“A lot of workers are scared they could face hour cuts,” said Kudler. “People are scared to stand up for themelves.” But others, said Kudler, are emboldened when they see their co-workers attend protests.
“Many people say they were just at their wit’s end,” said Kudler said, adding that they have “nothing left to lose.”
At a Chipotle restaurant on Walnut Street along the marchers' route, and home to upscale retail stores, Jesus Mendoza, 19, was also unaware of the minimum wage movement, and he expressed skepticism about its goals.
“That would be great, but it doesn’t seem possible,” said Mendoza. “I’m pretty content here.” He said he earns $9 an hour, but could see a raise to $11.
At a nearby Starbucks, workers said they appreciated the health and education benefits the company offers for full time workers. But they said their wages, even with tips, don’t keep up with the cost of living.
“I make just shy of $10 and hour as a supervisor. Baristas start at $7.60. Performance-based reviews get you a few cents extra every six months,” said Jane Gagliard, 23.
The baristas didn’t know about the minimum wage protest until it passed by their door.
Gagliard stressed that Starbucks treats its employees better than a lot of companies, but that “the wages are similar everywhere.”

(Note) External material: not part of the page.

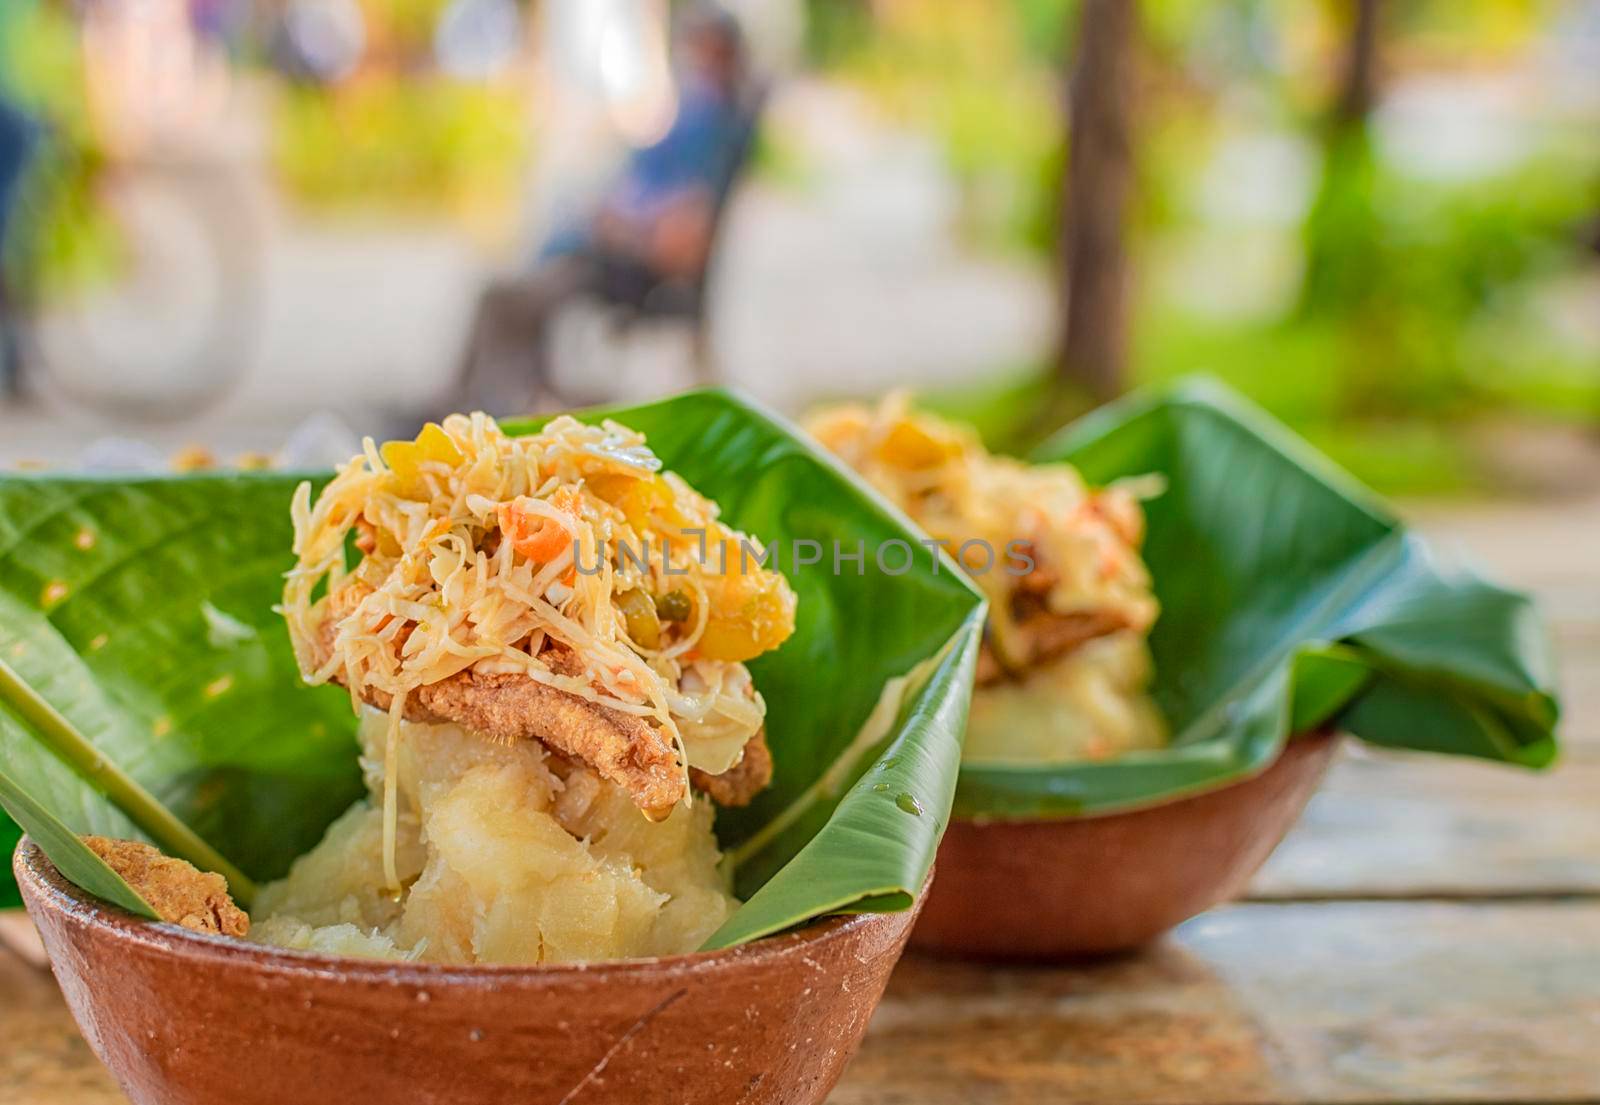 Vigorón with leaves served on a wooden table, two vigorones served on wooden background, vigorón typical food from nicaragua by isaiphoto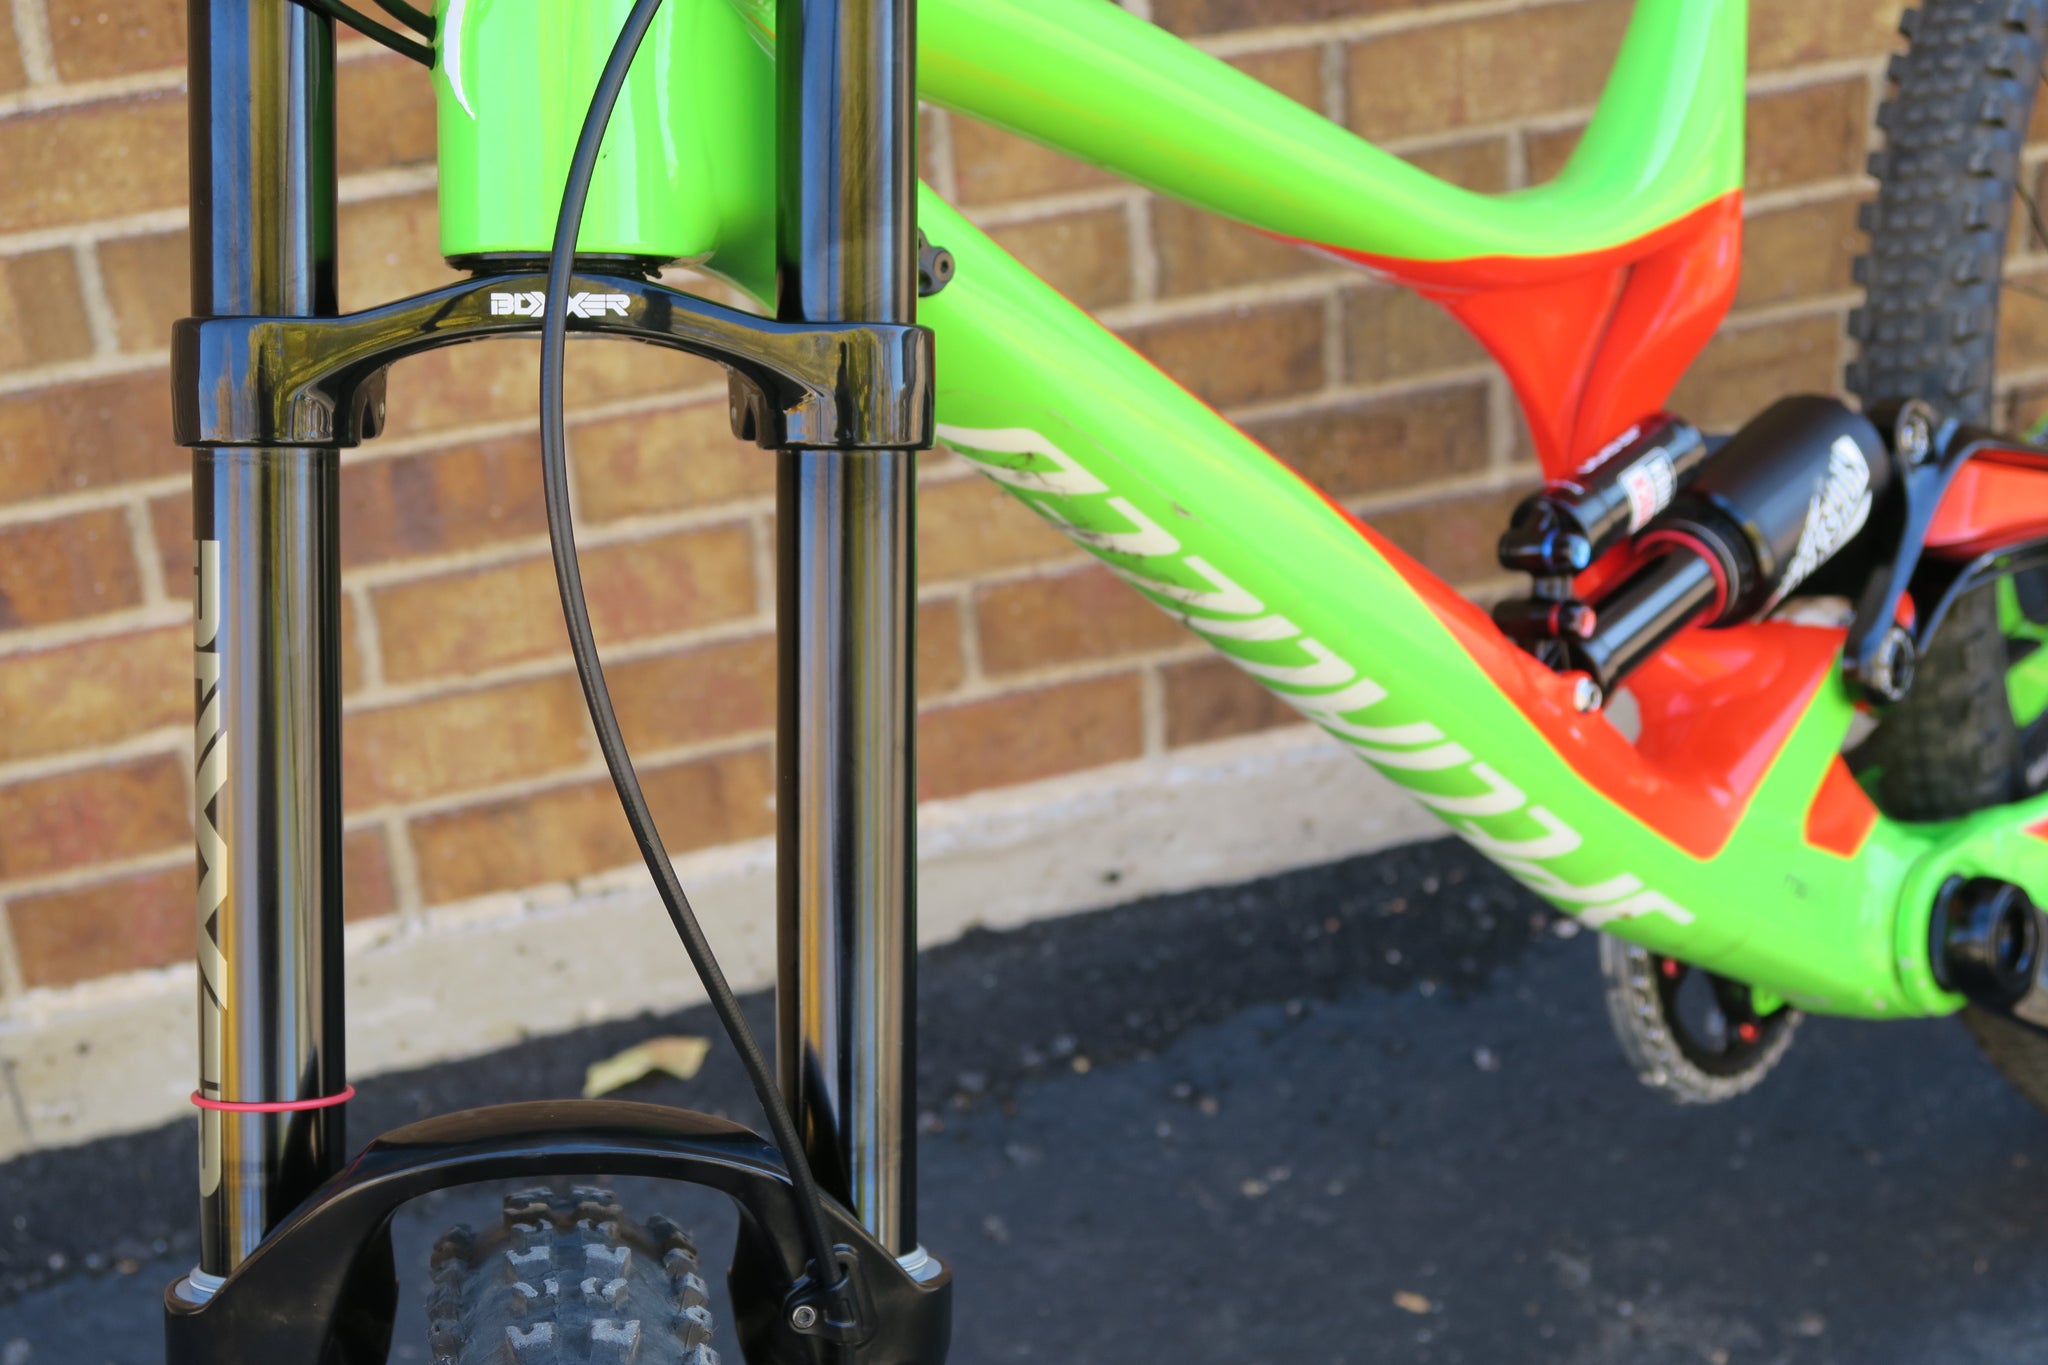 2016 SPECIALIZED DEMO 8 l ALLOY 650B 27.5"

“My rent’s about average and it takes up almost a whole paycheck,” said Gagliard. “Factor in utilities and feeding yourself and you don’t have a ton of wiggle room left at the end of the month.”
One worker said she relies on Starbuck’s leftovers for food. An unpredictable schedule also means it’s hard for them to get a second job. All four employees on shift agreed that $15 would really help.
“Two weeks with forty hours each, and it all goes to bills,” said barista Jose Gonzalez.